А уж кто «способен на большее», тому и меньшее по плечу. Если, наедине с мечтой-посредницей, нам удалось услышать самих себя — значит, должен быть простой способ передать то, что мы узнали, другому. Ведь в «математической мечте» нет ничего интимного; к тому же, говорить о таких вещах с самим собой трудней, чем с другими. (Это из-за того, что мысли, идущей «изнутри», мы сопротивляемся намного сильнее, чем знанию со стороны.) В сущности, в своем «математическом» прошлом я только и делал, что преследовал мечту до тех пор, пока она, ясная, во плоти, как в новом платье, не выходила на свет. От целого моря теней и туманов оторвется клочок — и летит, и ведет тебя за собой; и по дороге ты можешь только гадать, каким он будет, когда станет из призрака явью… Последние шаги по пути к мечте сродни кропотливому труду ювелира: чтобы твоя находка, будь то алмаз или сапфир, предстала во всем своем блеске, ты должен, тщательно и ревниво, отшлифовать каждую грань. Сколько раз за этим занятием я в не терпении топал ногами, проклиная собственную усидчивость и упрямство! Приходилось сдерживать в себе пыл, стремление рискнуть всем, пустившись на большую глубину — окунуться в самое море, причаститься его бесконечных тайн; погнаться за грезой из грез и добиться ее явного воплощения! Из неясного, размытого намека на мысль довести мечту до отчетливости математического утверждения; изложить ее на бумаге, повинуясь всевозможным канонам строгости — и тогда призрак обретает плоть, статью можно нести в печать. Впрочем, когда я работал над теорией «мотивов», я, кажется, был на грани того, чтобы целиком поддаться нетерпеливому устремлению и умчаться вперед, позабыв о строгости изложения и о «надлежащем виде» результатов. Это значило — заняться «научной фантастикой», грезить наяву, ведь вся теория к тому моменту оставалась на уровне предположения. В этом смысле ничего не изменилось и по сей день — за недостатком другого мечтателя, который пустился бы в это сумасшедшее предприятие по моим следам. «Мотивами» я увлекся к концу шестидесятых; тем временем, в моей жизни уже намечался совершенно неожиданный (в первую очередь, для меня самого), решающий поворот. Вскоре после этого математика на целых десять лет отодвинулась для меня на второй план, если не вовсе сошла со сцены.
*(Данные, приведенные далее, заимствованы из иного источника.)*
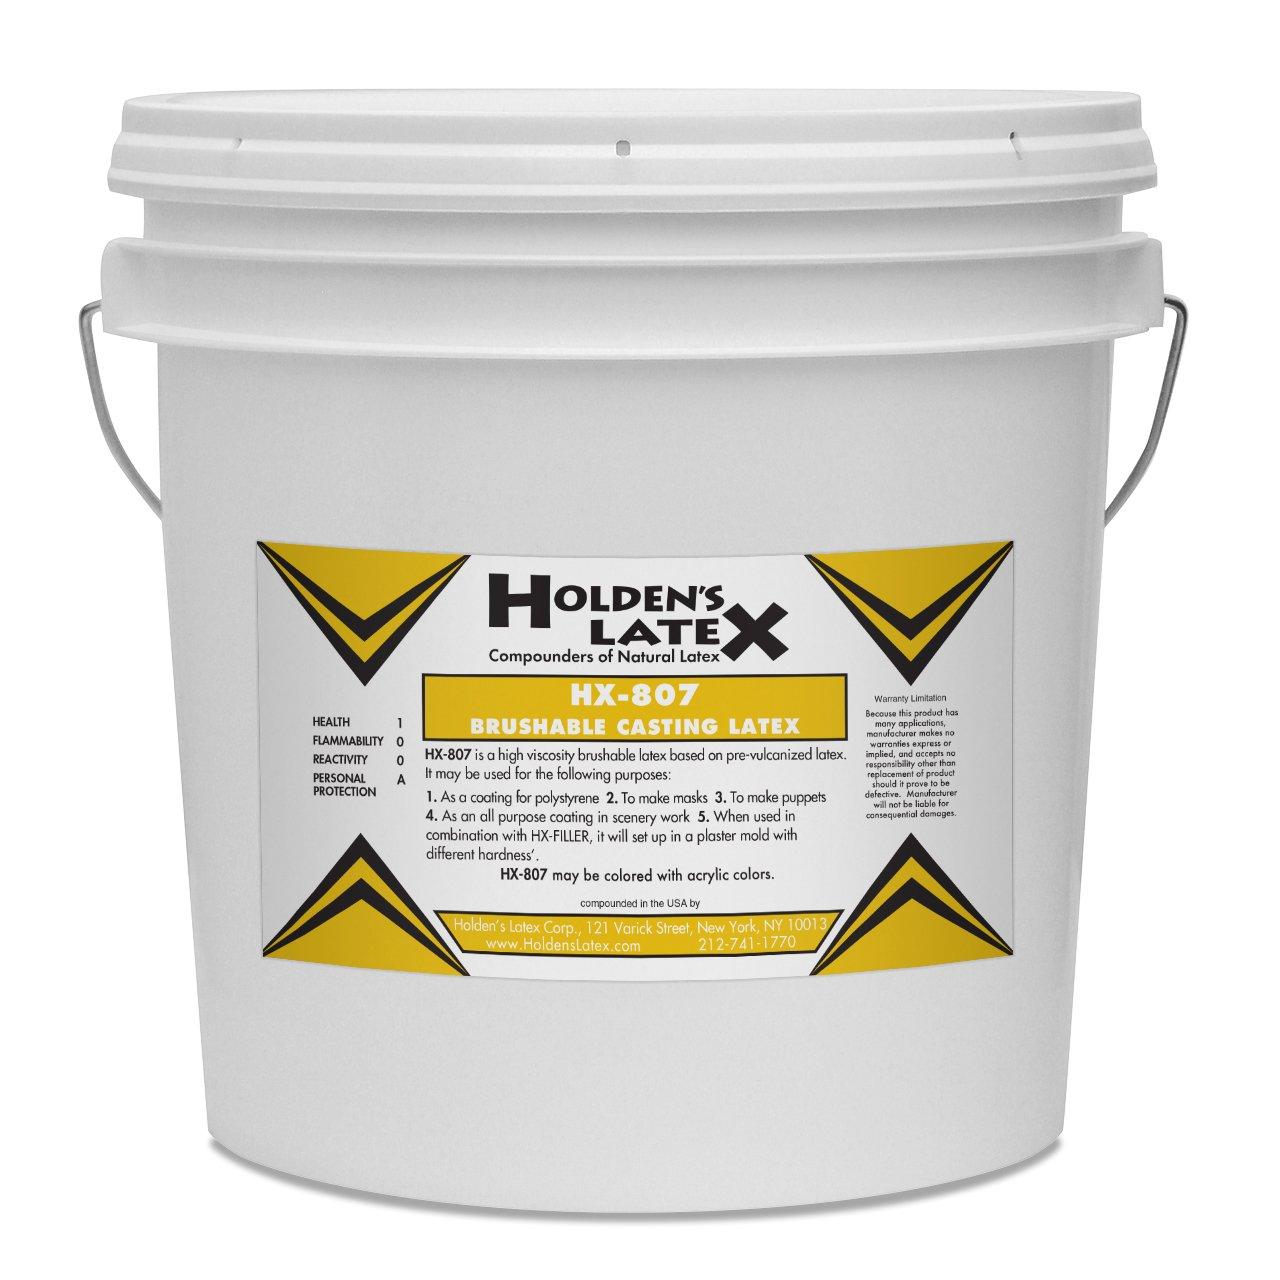 HX-807 Brushable Mask Making & Casting Latex (2 Gallon Bucket)
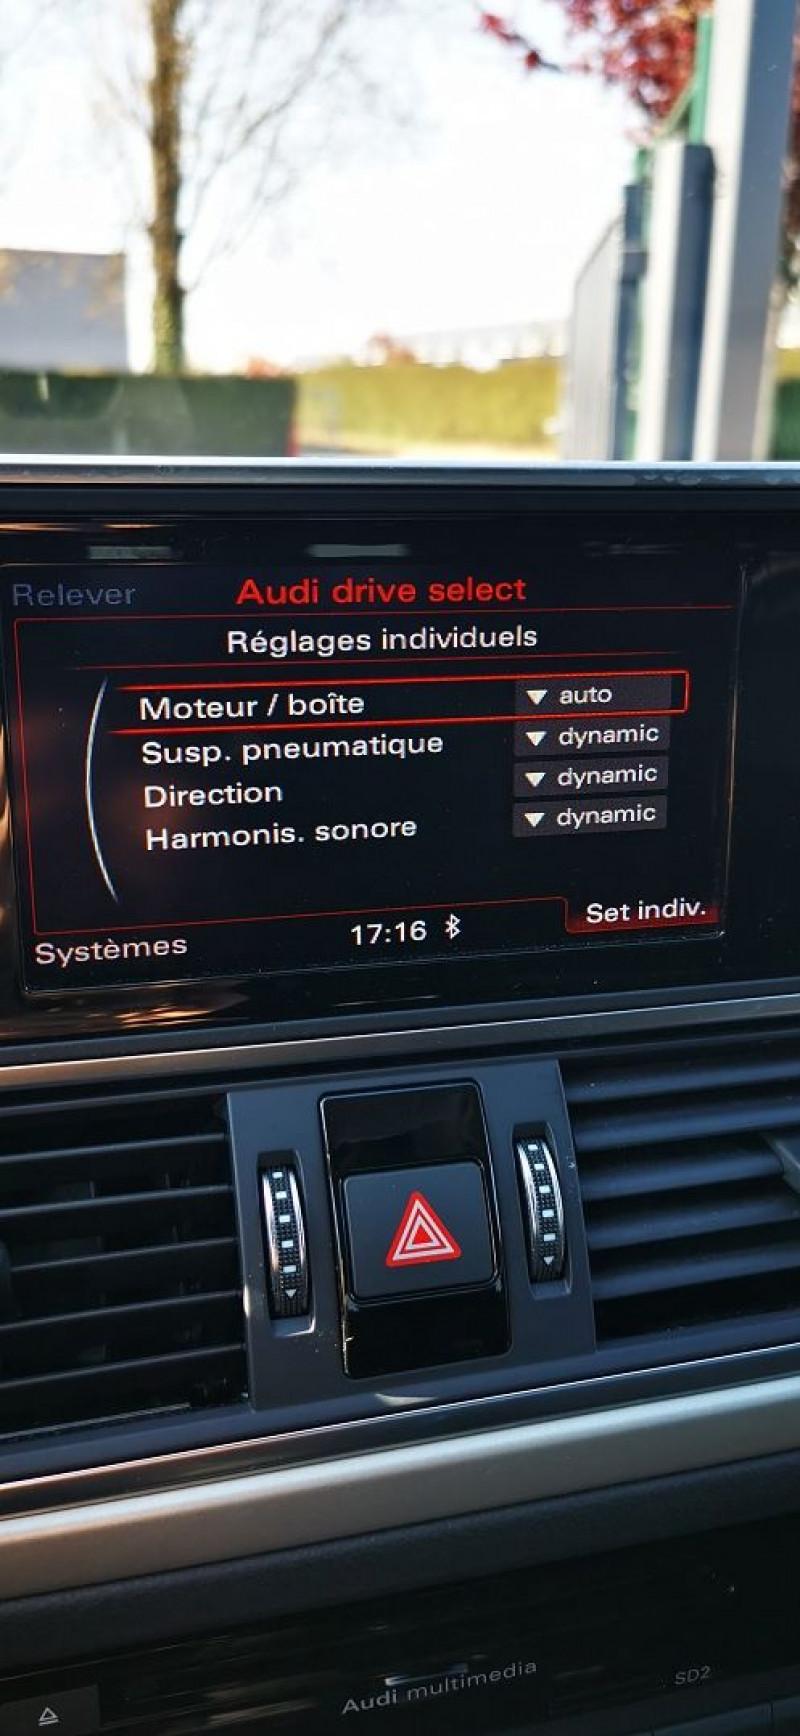 Photo 21 de l'offre de AUDI A6 ALLROAD 3.0 V6 BITDI 320CH AMBITION LUXE QUATTRO TIPTRONIC à 41490€ chez Maximum Automobiles

Призадумавшись, однако, я понял, что книга «В погоне за стеками», моя первая публикация после четырнадцатилетнего молчания, написана как раз в духе «грезы наяву» — невозможной и неосуществленной. Она как бы предваряет теорию мотивов, служит ее временной заменой. Конечно, у этой книги своя тема, на первый взгляд настолько далекая от «мотивов», насколько это вообще возможно в математике. К тому же, по моим представлениям, тема мотивов находится на грани того, что можно разработать подручными средствами, в то время как все, что связано со стеками, не должно вызывать особенных трудностей. Однако, стоит лишь внимательно посмотреть на эти две темы, чтобы понять, насколько поверхностны эти мнимые различия (3). Трудиться над каждой из этих теорий и значит «грезить наяву»: стиль работы один и тот же, а все остальное не так уж важно. На случай, если это звучит слишком вызывающе, скажем иначе: это работа с широкими, еще не до конца определившимися концепциями; это поиск нужных формулировок путем последовательных приближений, «нащупывание» координат. Так путешественник, плутая ночью, вычисляет местонахождение ориентиров: в темноте их не различить, но, если он выберет верный путь, впереди его ждет вполне реальная цель. При этом отдельные догадки собираются в единое представление о местности, внутренне согласованное и достаточно точное, чтобы можно было доверять ему, как хорошей карте. Если говорить о теме этой книги, то здесь общее видение картины уже сложилось. Теперь сверить его с действительностью — чисто техническая задача. Безусловно, для того чтобы ее разрешить, потребуется самая серьезная работа, а с ней — немалая доля мастерства и воображения. В этой работе будут свои непредвиденные повороты, неожиданно открывающиеся перспективы, — все, что отличает такой труд от пустой рутины (или «длинного упражнения», как сказал бы Андре Вейль).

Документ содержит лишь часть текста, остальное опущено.